One of the great mysteries of Cannes is what determines the section a film plays in. If I ran the zoo, Gerardo Naranjo’s assured Un Certain Regard entry “Miss Bala” would be playing in competition. Everyone’s grumbling that two disappointing debuts, Julia Leigh’s “Sleeping Beauty” and Markus Schleinzer’s “Michael,” were programmed for competition on the strength of their connections (former Palme winner Jane Campion has a presenting credit on “Beauty”), though both foretell intriguing careers for directors willing to tackle controversial material their first time at bat.

JC: The Leigh and the Schleinzer (both of which have ardent admirers) are in line with one of this year’s least savory competition trends. Films about sexual deviance are par for the course at festivals, especially Cannes, but I can’t remember the last time I saw so many movies on the topic, particularly with regard to the carnal initiation and/or outright abuse of children.

I’m thinking not only about the young ‘uns in “Sleeping Beauty” and “Michael,” but also the exploited 10-year-old daughter in Eva Ionesco’s semi-autobiographical “My Little Princess,” and the nubile bordello vixens in Bertrand Bonello’s “House of Tolerance” (which I found a far more transporting fin-de-siecle nostalgia trip than anything in Woody Allen’s “Midnight in Paris”). I’m also thinking of those poor kids in “Polisse,” Maiwenn’s messy but emotionally rich look at a French cop squad devoted to solving child-abuse crimes. Its missteps aside, “Polisse” is one of the few films in Cannes of which I can honestly say, “I laughed, I cried.”

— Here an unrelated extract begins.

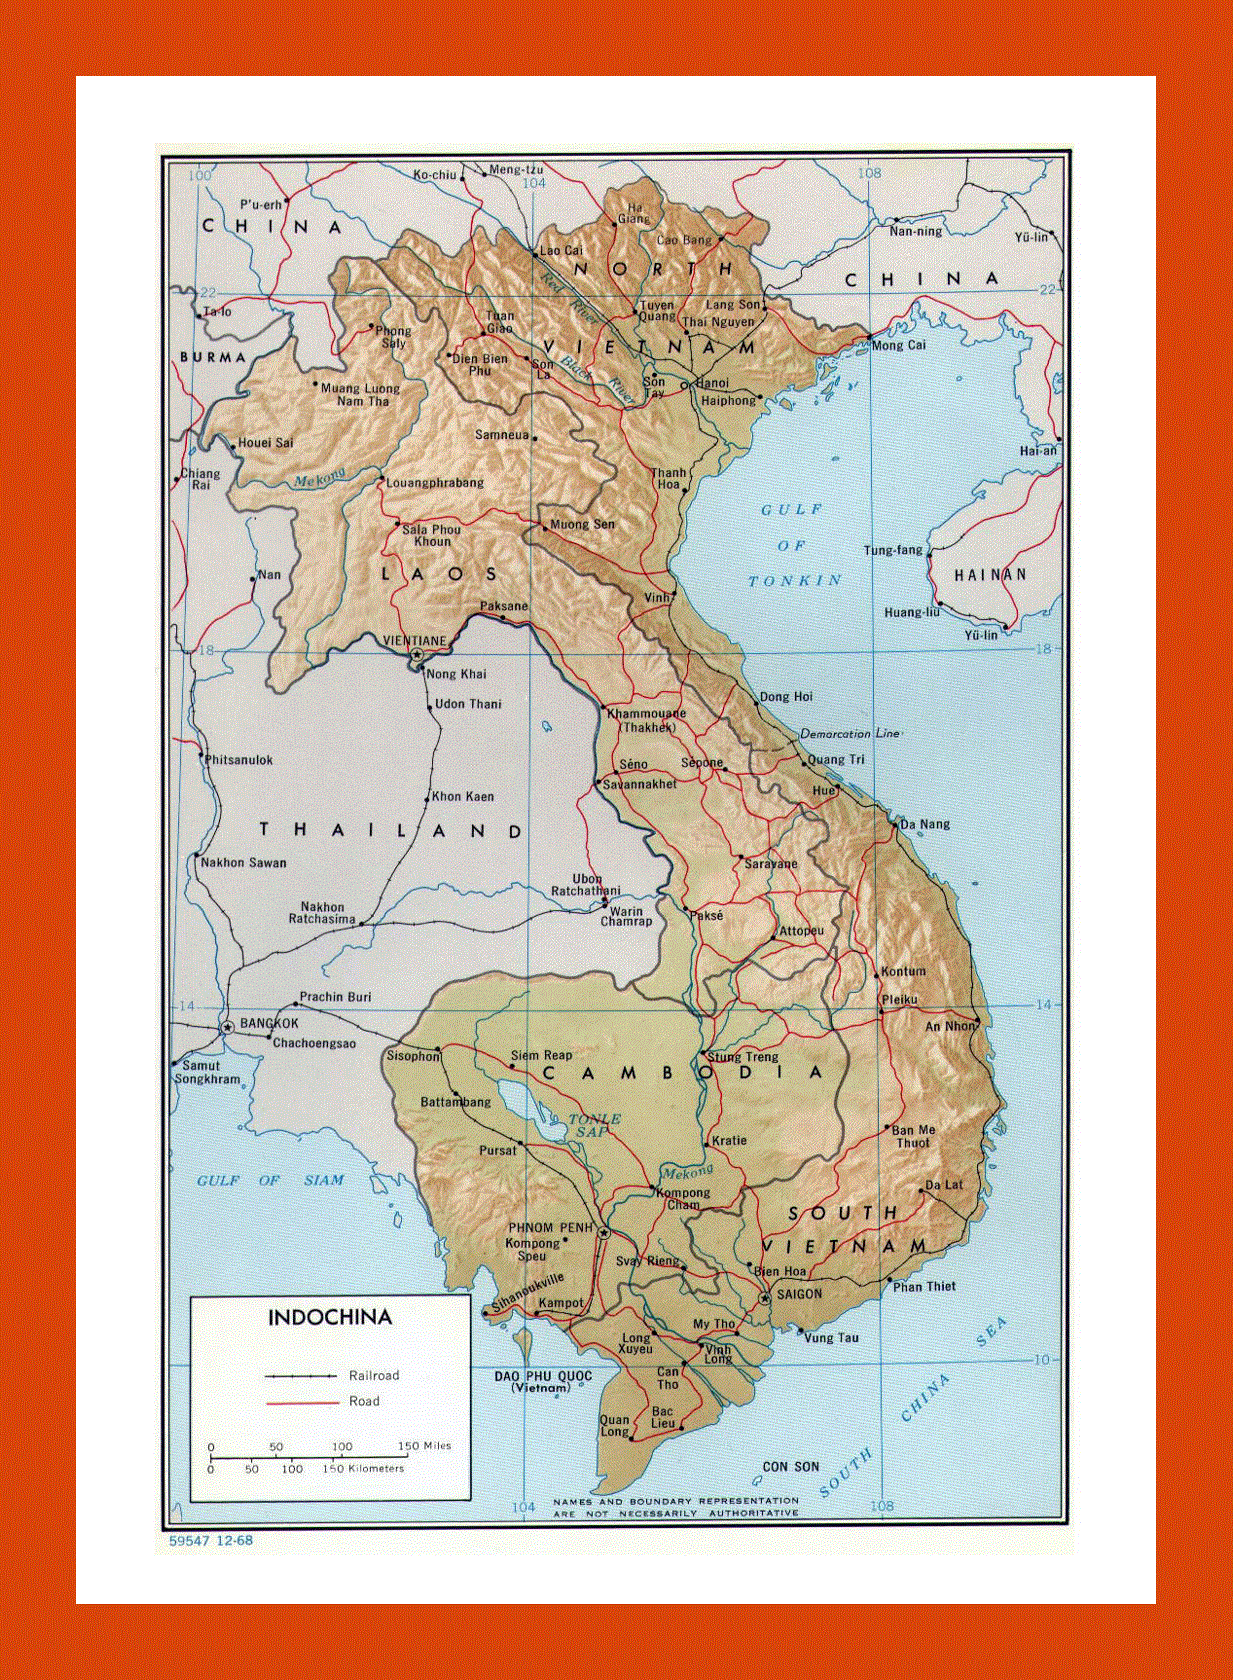 Political map of Indochina - 1968

PD: There’s one scene in “Polisse” that brought me to the brink of tears as well, when a homeless African mother comes into the police station to surrender her son, explaining they can take better care of the boy than she can. That’s basically the premise of the Dardenne brothers’ “The Kid With a Bike,” in which a troubled 11-year-old refuses to accept the fact his father can’t raise him. Given the Dardennes’ often-grim approach, it’s refreshing to see them offer a sunnier take on working-class woe, introducing not only a movie star (“Hereafter’s” Cecile de France) but a happy ending into their formula.

I won’t let your dig at “Midnight in Paris” go unanswered, though. While frothy, the Woodman’s film seemed an appropriate opener for the festival (and a fitting companion piece to Michel Hazanavicius’ silent-film homage “The Artist”), with Allen simultaneously extolling Paris and deriding Americans. “House of Tolerance,” on the other hand, felt like a laconic, unfocused version of French TV’s “Maison Close,” and yet another Cannes film in which the wallpaper was more interesting than the characters.

JC: I’m sure I’ll regret these words, but I’ll take Bonello’s hookers any day over the shrill fishwife played by the usually wonderful Rachel McAdams in “Midnight in Paris.” But you’re right to mention “The Artist,” which, along with Aki Kaurismaki’s “Le Havre,” drew some of the warmest applause of the festival, and with good reason; it was a relief to see two beautifully executed comedies after eight days of sexual debasement, child abuse and bad parenting.

Speaking of which, I guess we need to talk about “We Need to Talk About Kevin,” which I found more effective as a reassertion of Lynne Ramsay’s filmmaking chops than as a portrait of maternal pathology. Back to Malick for a moment: Leaving aside whatever it might be saying about life, death and the cosmos, “Tree of Life” expresses so much about what it’s like to be a child and what it means to be a parent. “Kevin,” arresting as it is, finally strikes me as a bad-seed thriller that substitutes stylization for insight.

PD: “Kevin” pairs nicely with “Tree of Life,” as both films endeavor to understand the unexplainable (why a child becomes a sociopath in “Kevin,” or how God can allow a boy to die in “Tree”). Clear-cut cause-and-effect dynamics drive most of the films we see during the rest of the year, which makes these two movies tough for audiences who expect everything to make sense. Ultimately, I find films that raise questions infinitely more interesting than those that suggest answers (unless the question is, “What the hell is going on?,” which exempts “Sleeping Beauty”), and Cannes has proven an exceptional forum for such challenging works so far.